If you haven’t been updated on our issues with health insurance, you’ll want to check those out in this post.
It’s been a stressful few months trying to navigate everything. Searching for answers and coming up with nothing. But last week we finally received one. While satisfying, it simply compounded our frustration.
First (this is not the satisfying part yet), at the suggestion of several people, we contacted the US embassy in Munich. We explained our situation and asked if they had any insight or knew of any resources that could help us. The initial response said nothing more than that they could not give us any money. Which we weren’t even asking for! We responded to clarify, and got the response that they are not allowed to offer us any advice.
So that’s good to know. Unless you’ve lost your passport or been arrested or something, the US embassy is not there to help you.
Next William did more research. We continued to find that foreign students are usually publicly insured. So we went into the immigration office one last time to ask why this didn’t apply to us. And finally, after so many months, we got an answer (so slightly satisfying): we are not allowed to receive any social assistance at all. This includes public insurance.

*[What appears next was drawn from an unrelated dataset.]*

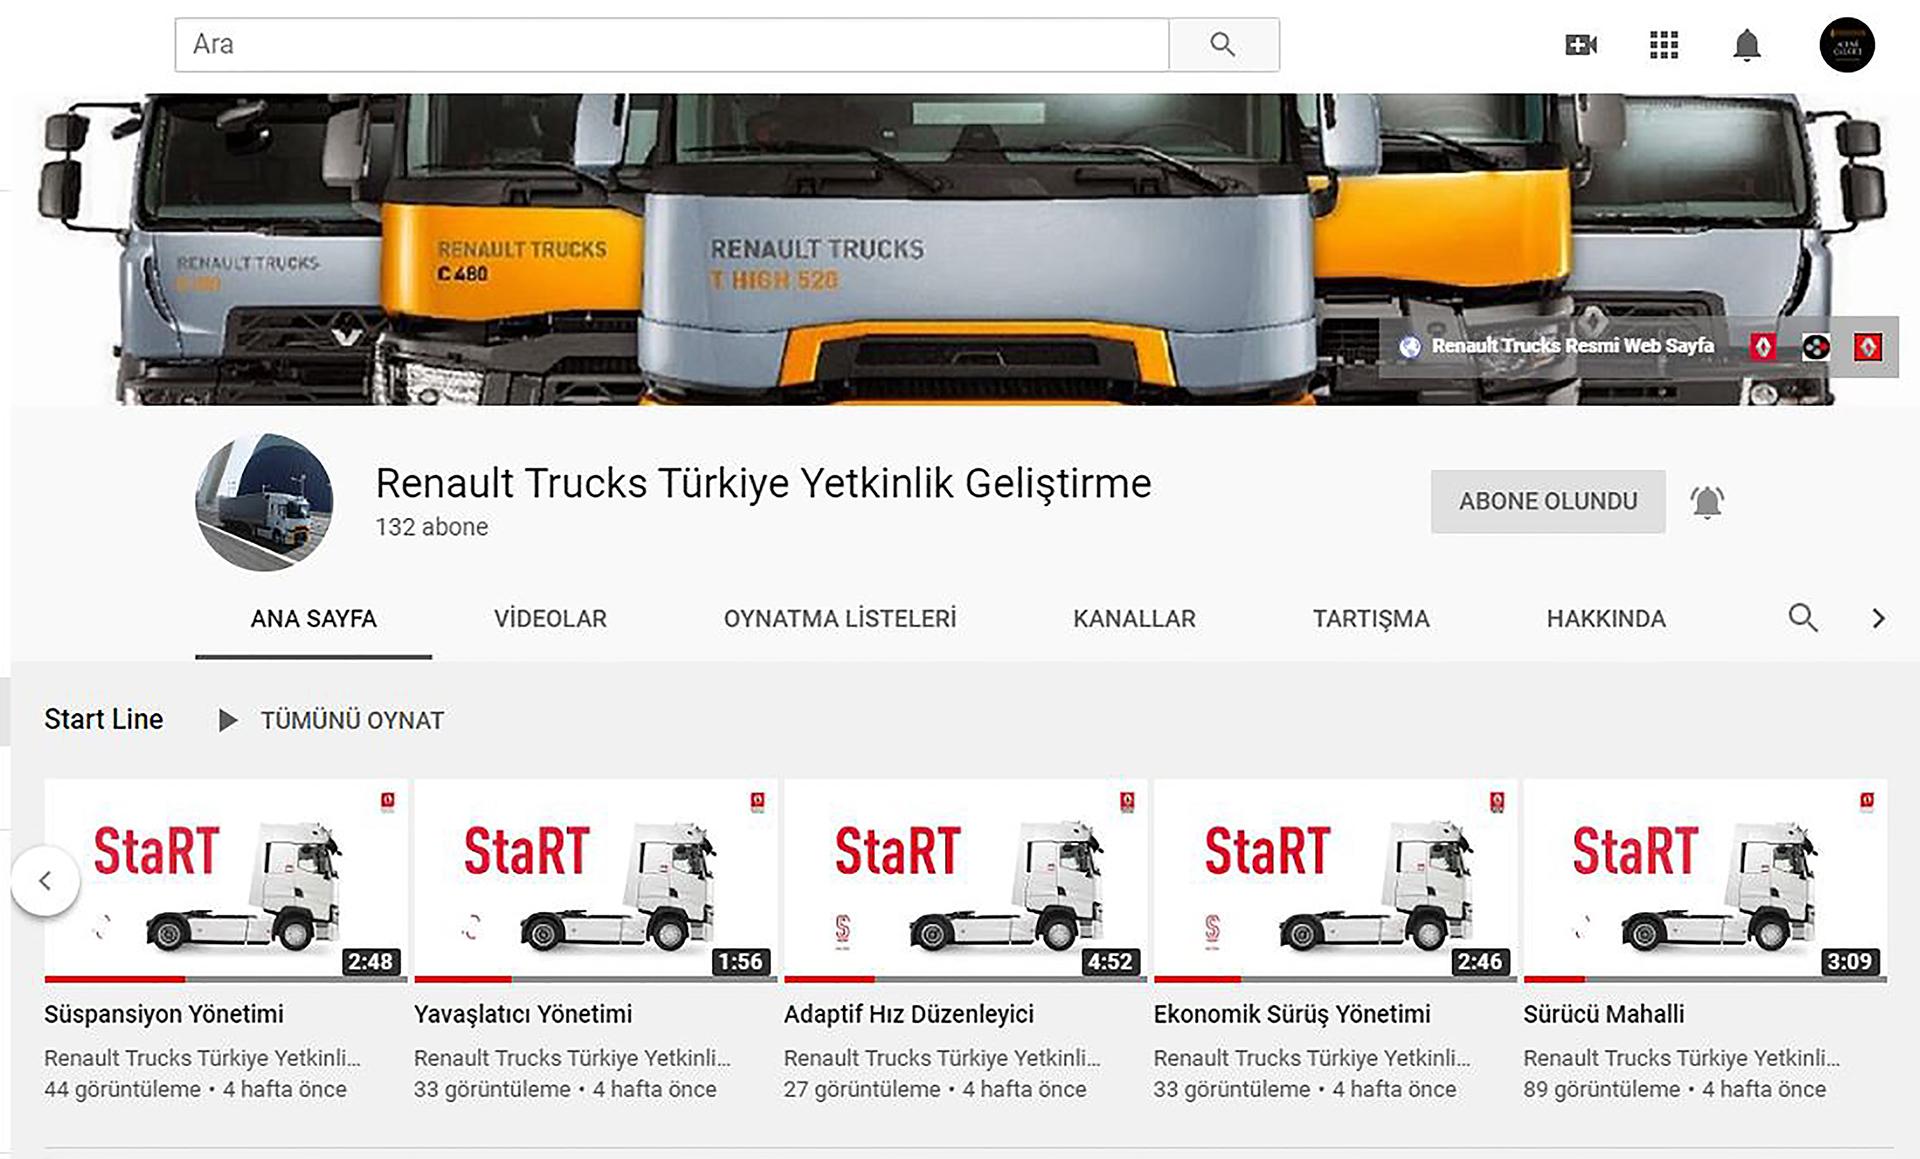 renault_trucks_akademi_sanal_s__n__f_uygulamasi.jpg

But the worst part was when I mentioned this to the social worker for young immigrants or my teacher. And both responded with something along the lines of, “I knew that. Anyone who is not a German citizen is not allowed to receive social assistance, including gesetzliche Krankenversicherung.”

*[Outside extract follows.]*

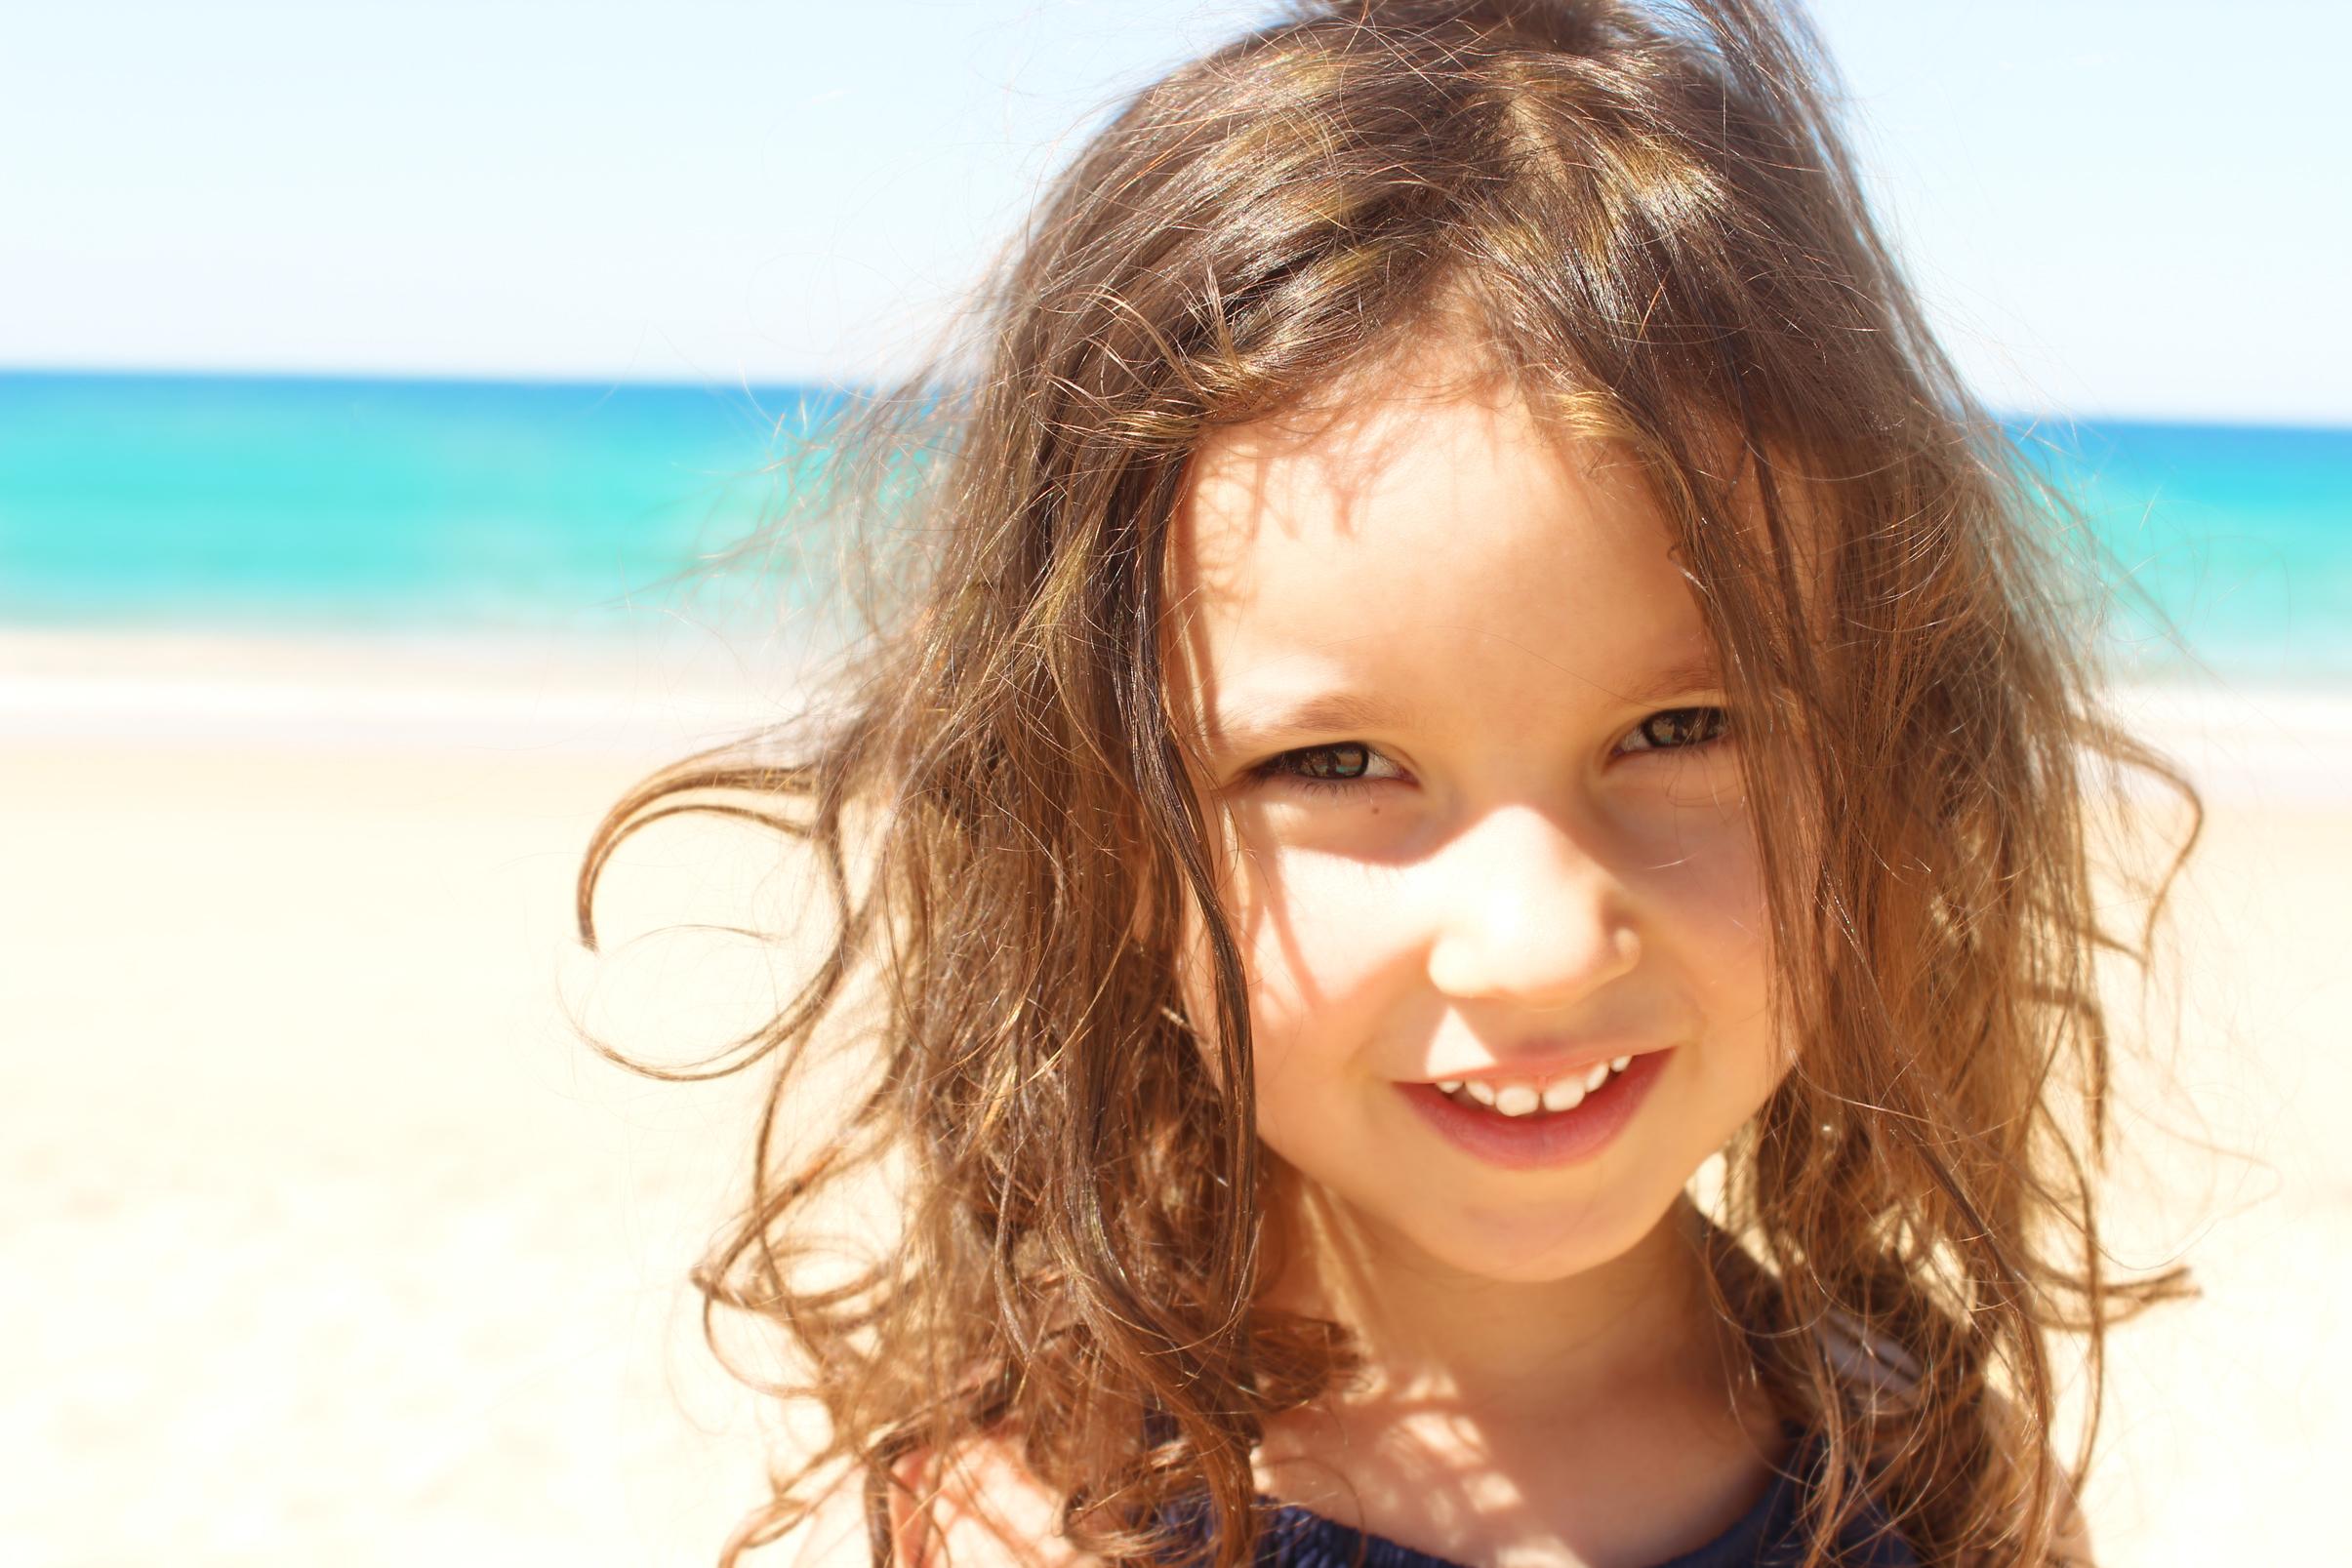 Beautiful sweet girl smiling photo

Well, if everyone – the immigration office, the social worker, my teacher, etc. – already knew about this, why did no one tell us? Why did it take over two months of asking and searching and talking to everyone we could get a hold of to find out? And this still does not explain why university students get public insurance but William does not.
We’re emotionally exhausted from this process and from this bureaucracy. If we had just been given answers when we started back in November, if we had just been informed of these things, we could have made different choices, and things would have been easier. Less stressful. We may not be left with the hardest decision of our life.
See…at the end of November, the day after Thanksgiving, we received some news that would change everything. I was 4 weeks pregnant.
Pregnancy is a preexisting condition. While I would receive amazing public coverage, no new private insurance plan would cover my expenses. And I was no longer a healthy young adult. Now I needed regular doctor’s visits. A perfect pregnancy would cost 8,000€. Complications could quickly skyrocket costs to over 50,000€.
I learned that I am still insured under my parents in the US, and that in Germany it will function like any out-of-network coverage. There were two big problems with this: certain important screenings would not be covered, and we would have to pay everything out of pocket before applying for reimbursement. With the bank restricting our cash flow, this could become difficult.
But we persevered. We were sure that would could get health insurance eventually, and we had the cash for now. But then in January, within the same week, we learned I am completely uninsurable and had a scare that brought us to the doctor for an unscheduled 87€ ultrasound. Manageable then, and the baby is healthy, but we realized how quickly our finances could deteriorate. What if next time it is something worse?
A decision was made. As much as the idea hurt, I would go back to the US to receive care and give birth. Not only would it be easier on our finances, but I would be in a more comfortable environment. I would be sure that I could easily communicate with whomever was caring for our child and me, and I would have many more resources available. By the time we found a plane ticket, I had just 10 days notice. I fly on February 23rd.
William will stay in German to continue with his schooling. Depending on how things go, it is likely that he will stay all the way to the end of his school year – just 5 days before my due date in August. If that is the case, we can do nothing but hope that the baby decides to stay inside the full 40 weeks or longer. My heart is broken enough as it is without considering that he might miss the birth of his first child.
And what after? We don’t know. Right now we are trying to wrap our heads around the pain of being separated for up to 5 months while I carry our child. As much as we would like for William to finish his schooling, as we learn more and talk more and things progress, it seems likely that we will remain in the US instead of returning to Germany. At least for now.
It feels like there can be no right answer, and we are beyond fatigued. We just want what is best for our family. And Germany seems to be unwilling to offer that.